Work instructions —
Transcribe exactly, and without pictures, only the lines from the one bearing "Madero am See" through the final line of the data below.

Data block —
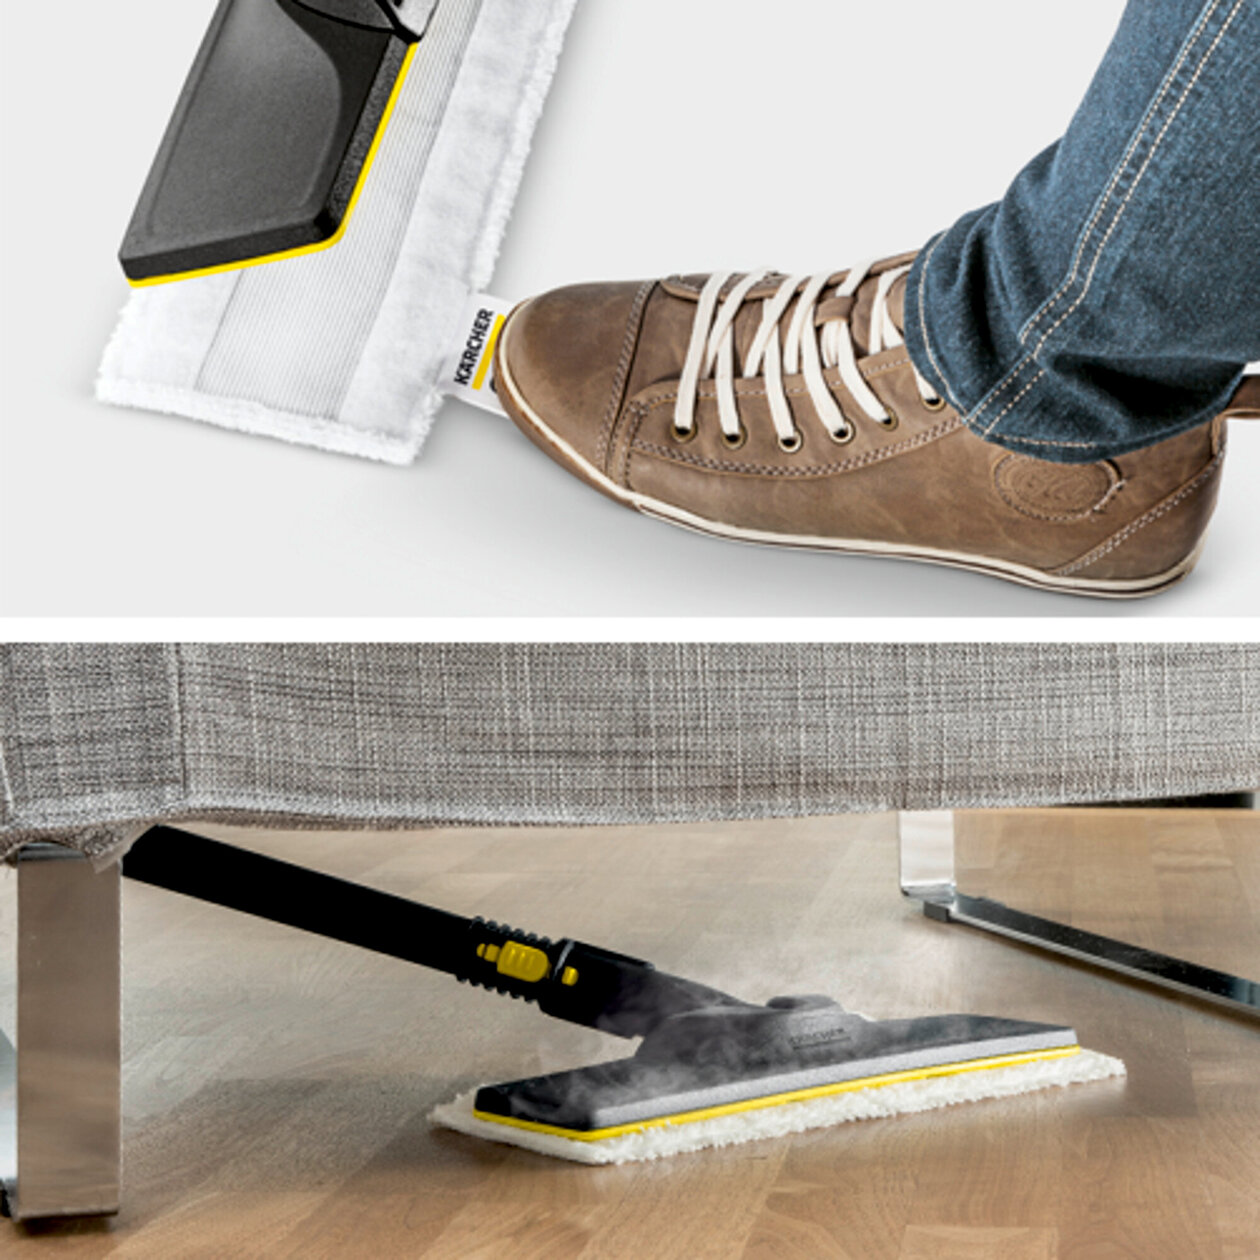  SC 3 EasyFix SK Set: Súprava na čistenie podlahy EasyFix s flexibilným kĺbom na podlahovej hubici a pohodlným suchým zipsom na upevnenie utierky na podlahu
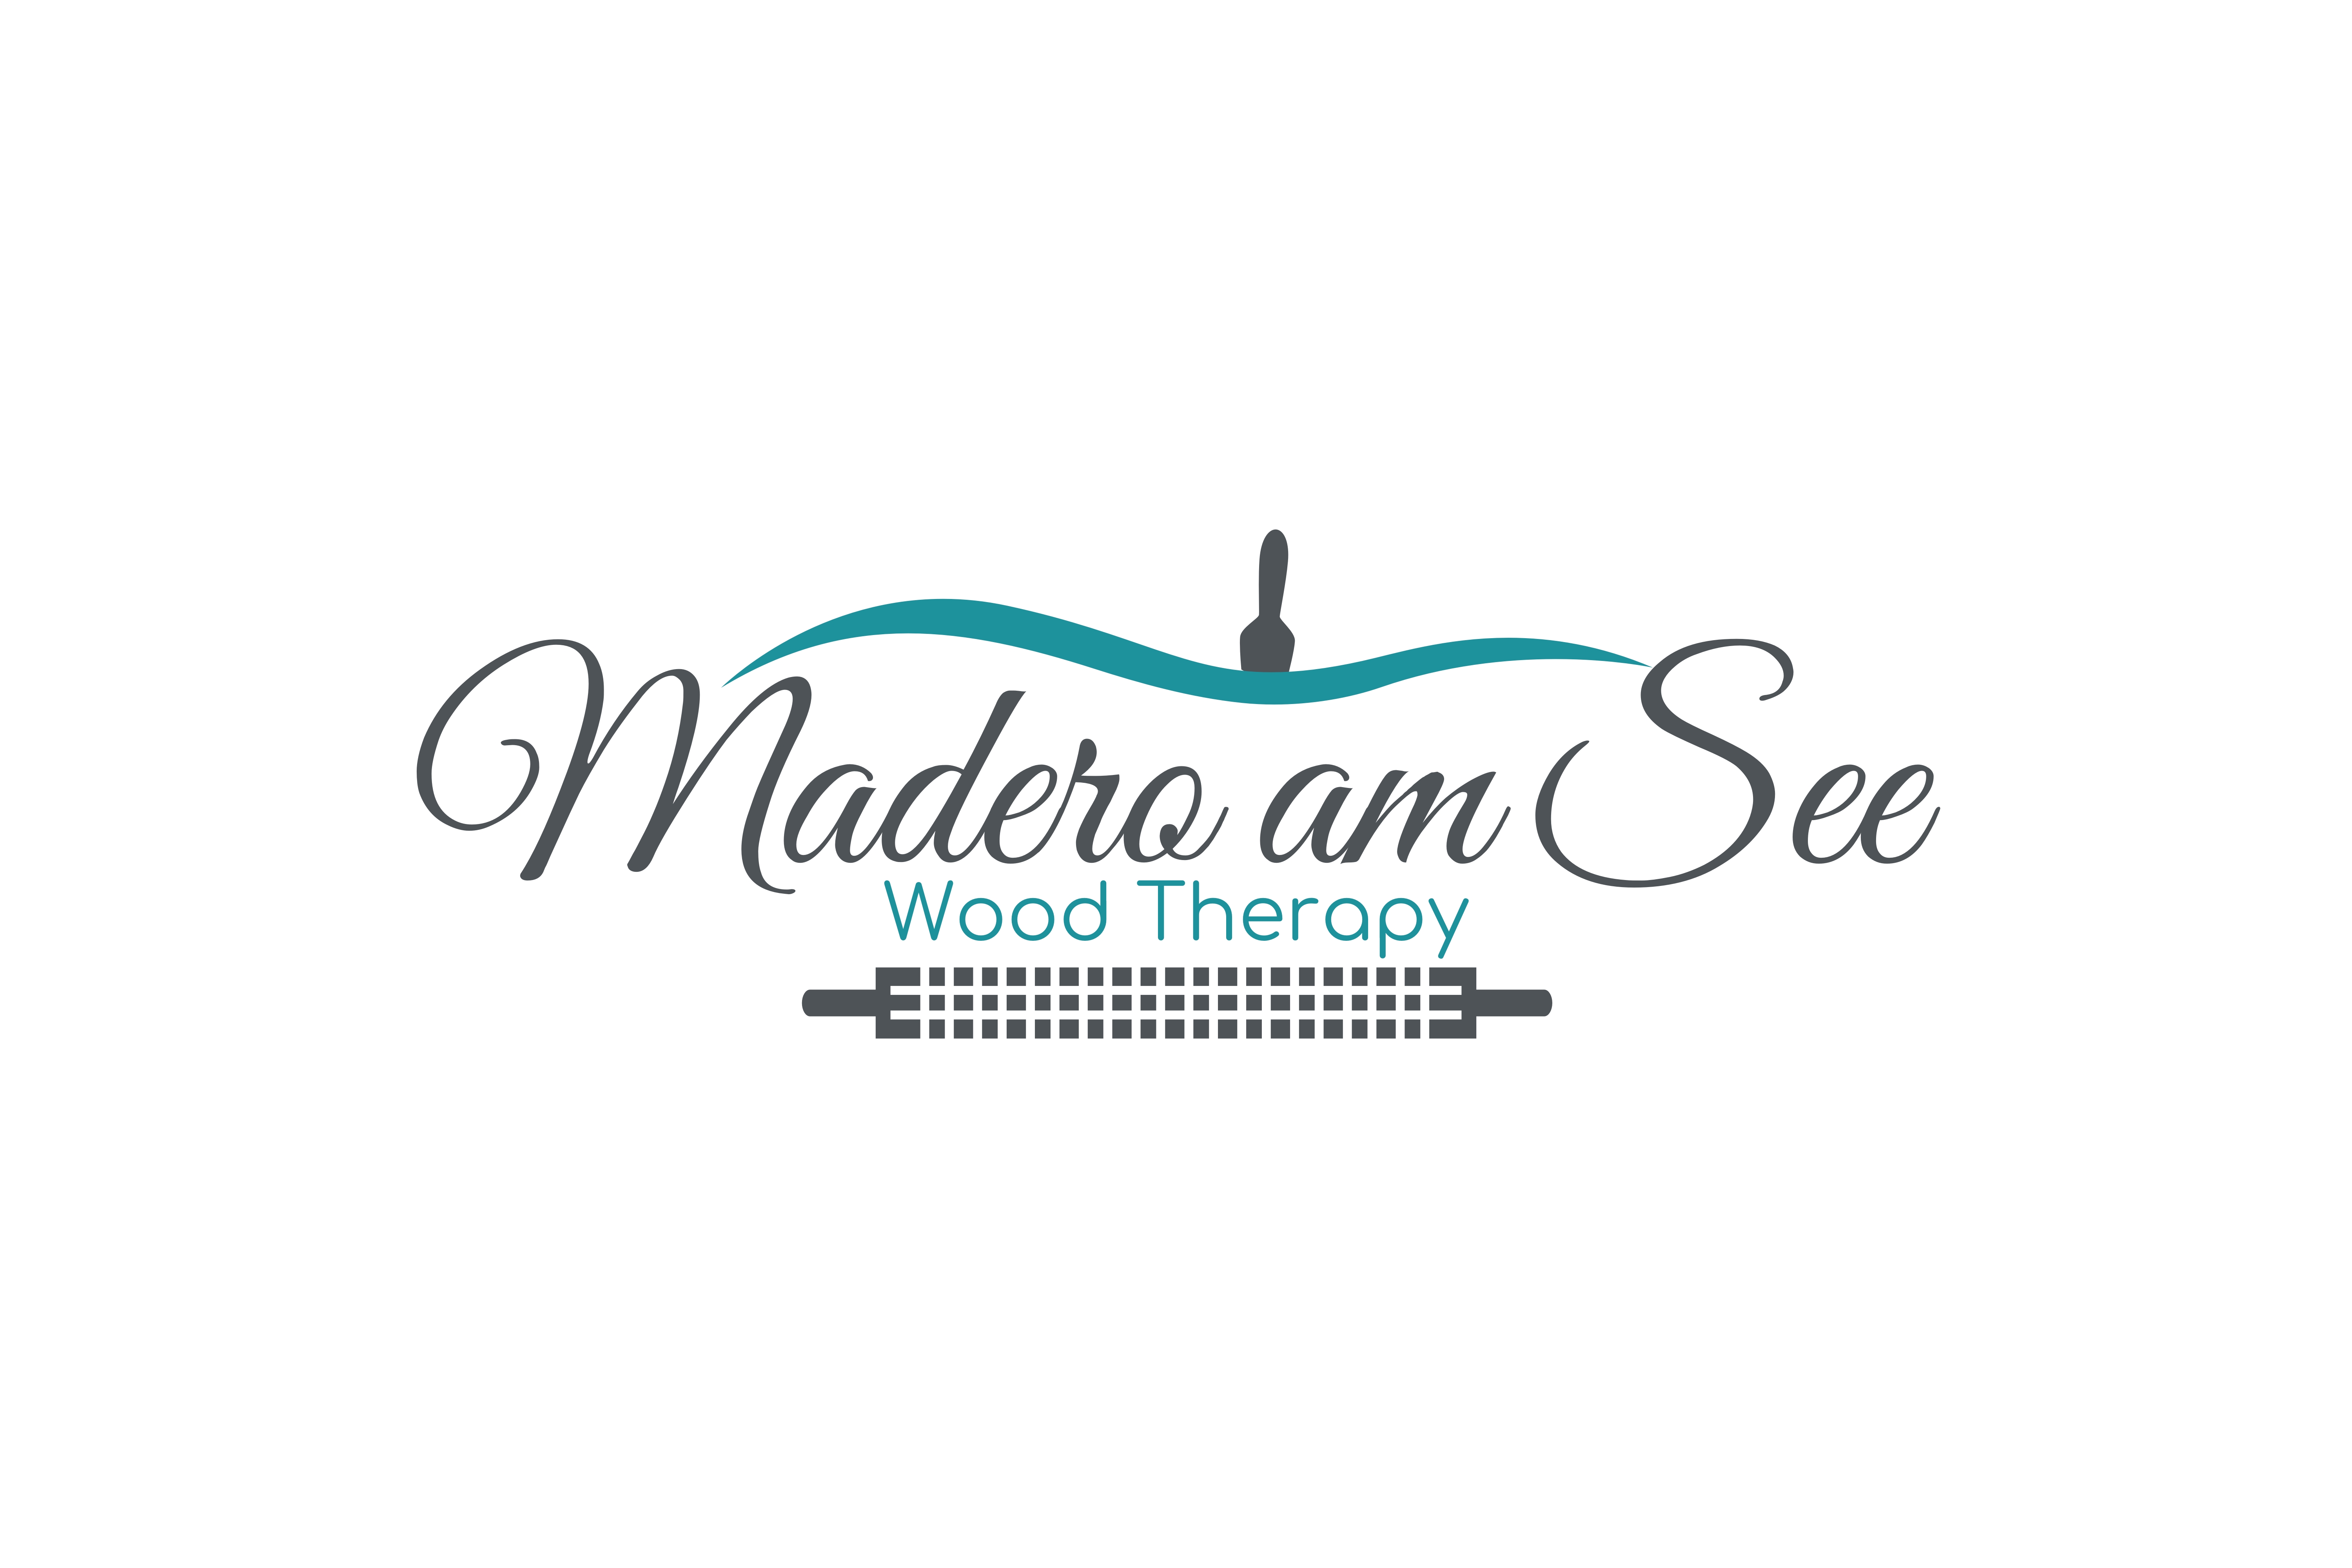 Madero am See
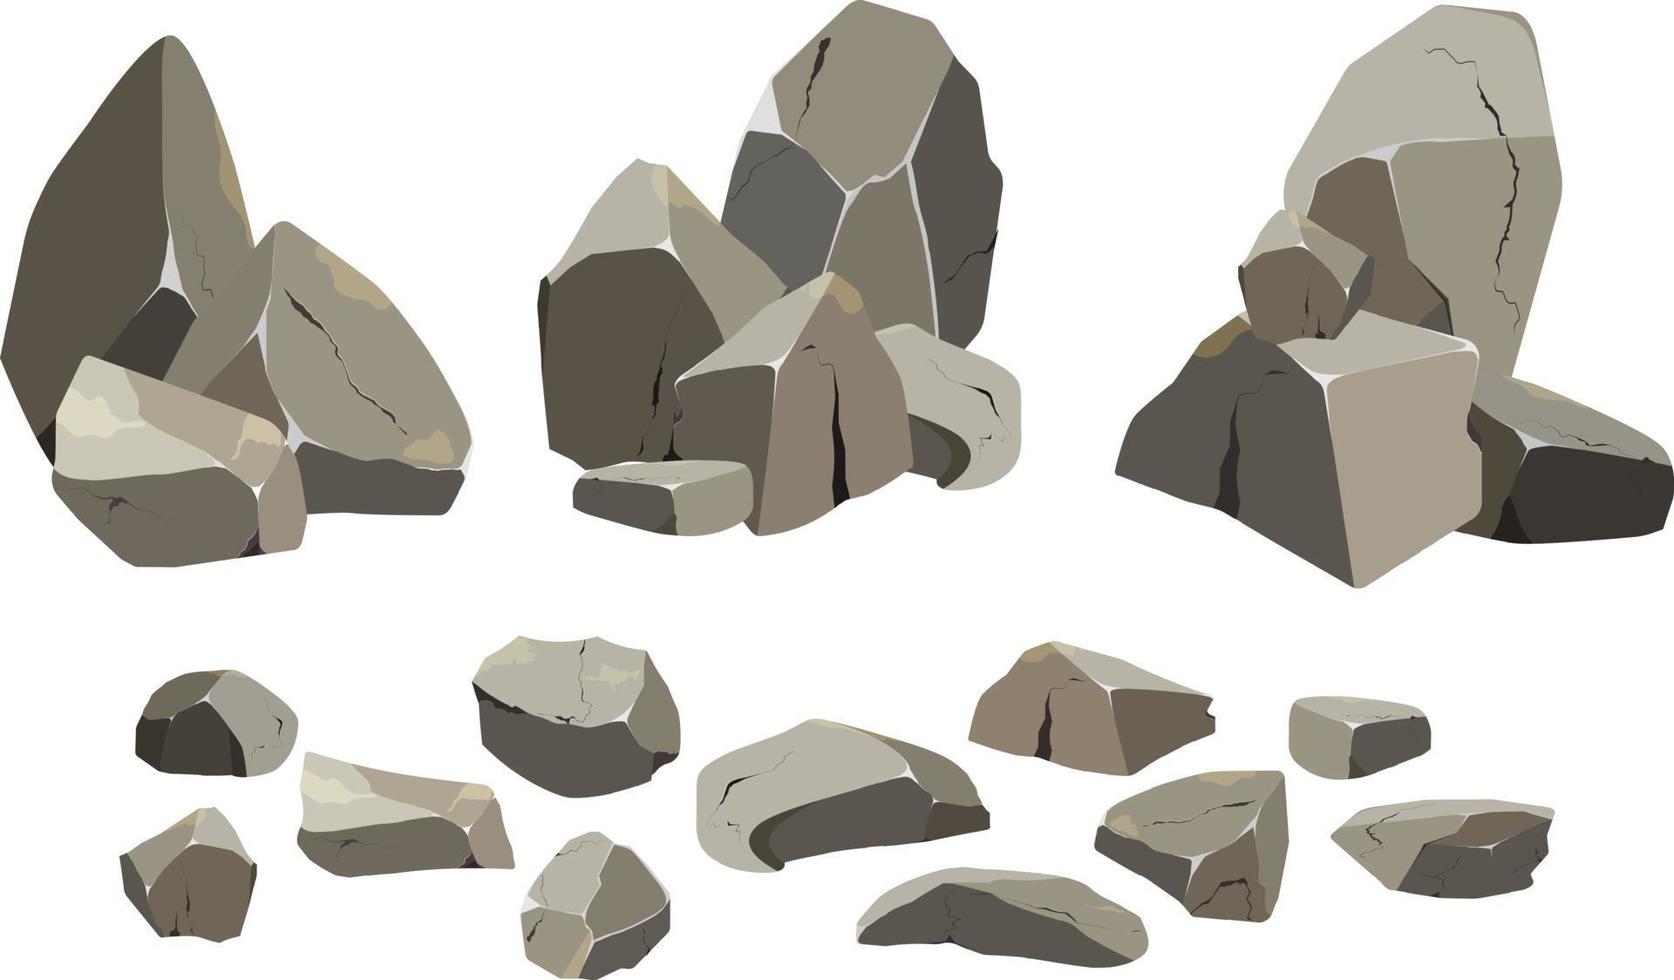 samling av stenar av olika former och buskar.kustnära småsten, kullerstenar, grus, mineraler och geologisk formationer.rock fragment, stenblock och byggnad material. vektor

Response to this task —
 Madero am See
 samling av stenar av olika former och buskar.kustnära småsten, kullerstenar, grus, mineraler och geologisk formationer.rock fragment, stenblock och byggnad material. vektor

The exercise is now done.